Division de Genetica, Centro de Investigacion Biomedica de Occidente, Instituto Mexicano del Seguro Social. Guadalajara, Jalisco, Mexico. reyna_bio@hotmail.com, jrgg_gene@hotmail.com

To the editor: Yokota et al. [1] reported a complex rearrangement in a patient with chronic myeloid leukemia (CML). Firstly, these authors established by G-banding the presence of two independent translocations t(7;11;9)(q22;q13;q34) and t(9*;22)(q34;q11.2). Then, the authors interpreted their fluorescence in situ hybridization (FISH) results with the LSI BCR/ABL ES Dual Color Translocation Probe Set (Vysis, Inc.) as a five-way translocation t(7;11;9;22;9*)(q22;q13;q34;q11.2;q34). However, the hypothesis of two independent translocations cannot be excluded with these FISH findings. That is, the standard t(9*;22) with deletion of 5¿ ABL sequences (including ASS gene) will render a FISH pattern of 1 green-red fused signal on the der(22) and no signal on the der(9*); additionally, the independent three-way translocation t(7;11;9)(q22;q13;q34) with the breakpoint upstream from 5¿ ABL gene but downstream from 3¿ or within the ASS gene complete the observed pattern of signals, namely, a faint red signal on the der(9)t(9;11) and a brighter signal on the der(7)t(7;22). A FISH study with LSI BCR/ABL + 9q34 Tricolor, Dual Fusion Translocation probe (Vysis, Inc.) could be the best option to test this hypothesis since this approach may let to visualise the putative 5¿ ABL deletion.
There are at least other eight reported CML cases with a five-way translocation additional to those included in the table 1 [1]. They are 46,XX,t(1;22;9;5;3)(p32;q11;q34;q12;p13) (case 2) [2]; t(4;5;7;9;22)(q21;p13;p12;q34;q11) (case 35) [3]; t(6;10;9;9;22)(q24;p15;p13;q34;q11) (case 1) [4]; t(1;20;9;22;4)(q42;q12;q34;q11;q12) (case 1) [5]; t(6;9;22;11;20)(p11;q34;q11;q13;q11) (case 9) [6]; and, t(3;9;22;14;17)(p22;q34;q11;q13;q12); t(9;22;12;17;17)(q34;q11;q15;q11;q23); and t(1;22;9;15;1)(q21;q11;q34;q22;q21) (cases 9, 31, and 62, respectively) [7].
It is really important to establish the correct karyotype in order to avoid future misinterpretations and wrong citations. An example of this is the patient # 15 reported by Bennour et al. [8] which is registered in an important public database [9] as having the complex karyotype 46,XX,t(1;1;2;9;12;13;22)(q24;q31;p21;q34;p12;p12;q11). According to their FISH studies such abnormality had to be settled as 46,XX,t(1;2),t(1;9;22),t(12;13) showing the occurrence of three independent translocations rather than a complex rearrangement. This mistake misleads the knowledge and hinders the understanding of the CML etiopathology.
Endnotes
*The editorial system did not allow to underline this character as recommended by the International System for Human Cytogenetic Nomenclature (2009).
The original karyotype of case 31 in reference 7 was amended according to the breakpoint description.
References
1. Yokota S, Nakamura Y, Bessho MA: Novel five-way translocation t(7;11;9;22;9*)(q22;q13;q34;q11.2;q34) involving Ph chromosome in a patient of chronic myeloid leukemia: a case report.
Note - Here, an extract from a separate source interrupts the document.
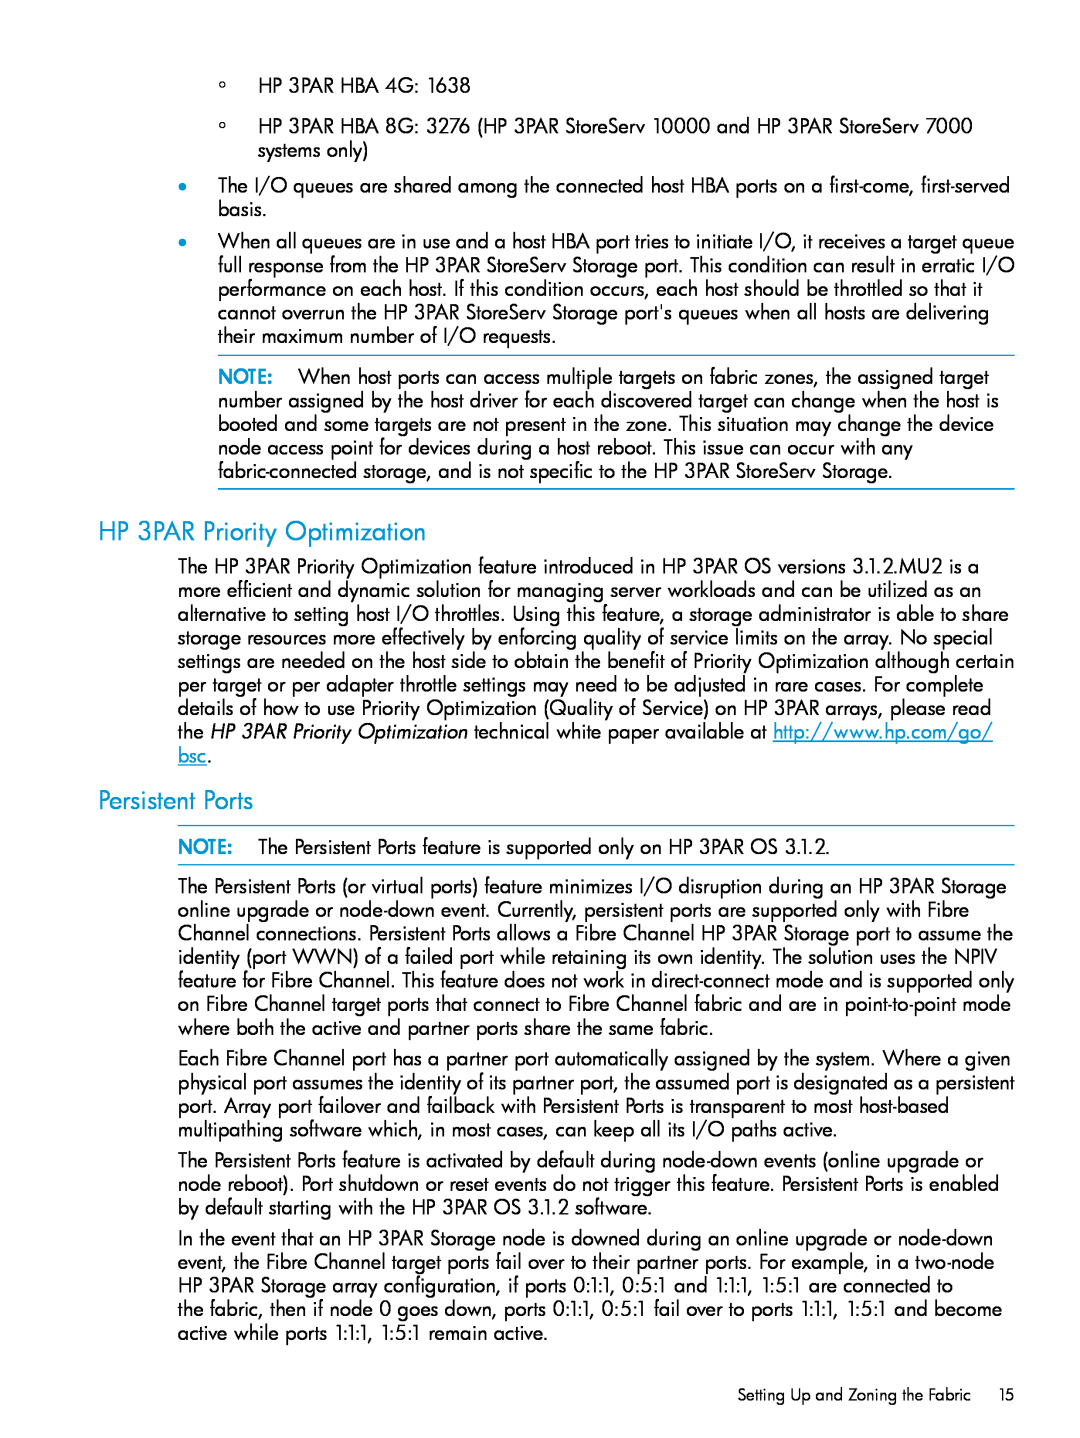 HP QR516B manual HP 3PAR Priority Optimization, Persistent Ports 
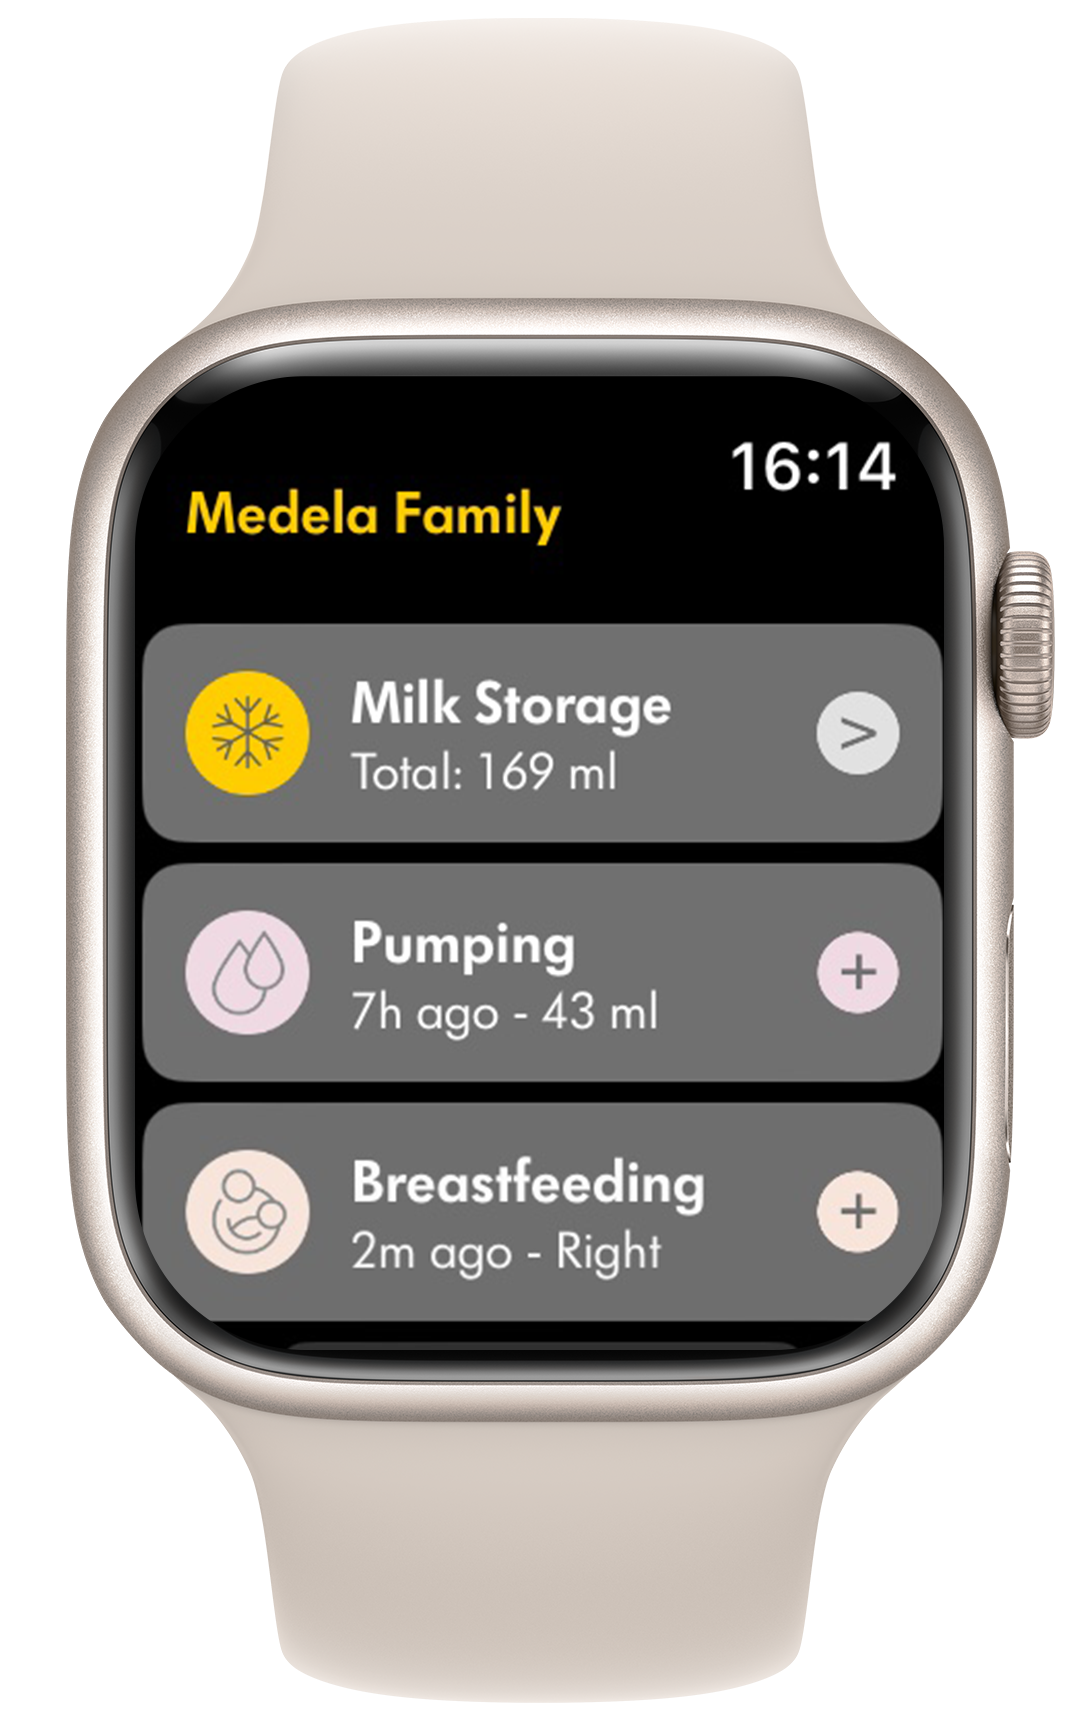 Medela Family Smart Watch App Display

Mol Cytogenet 2012, 5:20.
2. Hagemeijer A, de Klein A, Gödde-Salz E, Turc-Carel C, Smit EM, van Agthoven AJ, Grosveld GC: Translocation of c-abl to "masked" Ph in chronic myeloid leukemia. Cancer Genet Cytogenet 1985, 18:95-104.
3. Michalová K, Musilová J, Koudelová Z, Placerová J, Matuchová L: Cytogenetic study of chronic myeloid leukemia. Neoplasma 1988, 35:571-581.
4. Zaccaria A, Testoni N, Tassinari A, Celso B, Rassool F, Saglio G, Guerrasio A, Rosti G, Tura S: Cytogenetic and molecular studies in patients with chronic myeloid leukemia and variant Philadelphia translocations. Cancer Genet Cytogenet 1989, 42:191-201.
5. Teixeira MR, Micci F, Dietrich CU, Heim S: Detailed genome-wide screening for inter- and intrachromosomal abnormalities by sequential G-banding and RxFISH color banding of the same metaphase cells. Cancer Genet Cytogenet 2000, 119:94-101.
6. Richebourg S, Eclache V, Perot C, Portnoi MF, Van den Akker J, Terré C, Maareck O, Soenen V, Viguié F, Laï JL, Andrieux J, Corm S, Roche-Lestienne C; Fi-LMC Group: Mechanisms of genesis of variant translocation in chronic myeloid leukemia are not correlated with ABL1 or BCR deletion status or response to imatinib therapy. Cancer Genet Cytogenet 2008, 182:95-102.
7. Fabarius A, Leitner A, Hochhaus A, Müller MC, Hanfstein B, Haferlach C, Göhring G, Schlegelberger B, Jotterand M, Reiter A, Jung-Munkwitz S, Proetel U, Schwaab J, Hofmann WK, Schubert J, Einsele H, Ho AD, Falge C, Kanz L, Neubauer A, Kneba M, Stegelmann F, Pfreundschuh M, Waller CF, Spiekermann K, Baerlocher GM, Lauseker M, Pfirrmann M, Hasford J, Saussele S, et al.: Impact of additional cytogenetic aberrations at diagnosis on prognosis of CML: long-term observation of 1151 patients from the randomized CML Study IV. Blood 2011, 118:6760-6768.
8. Bennour A, Sennana H, Laatiri MA, Elloumi M, Khelif A, Saad A: Molecular cytogenetic characterization of variant Philadelphia translocations in chronic myeloid leukemia: genesis and deletion of derivative chromosome 9. Cancer Genet Cytogenet 2009, 194:30-37.
9. Mitelman Database of Chromosome Aberrations and Gene Fusions in Cancer (2012). Mitelman F, Johansson B, and Mertens F (Eds). [http://cgap.nci.nih.gov/Chromosomes/Mitelman]. Accessed May 22, 2012.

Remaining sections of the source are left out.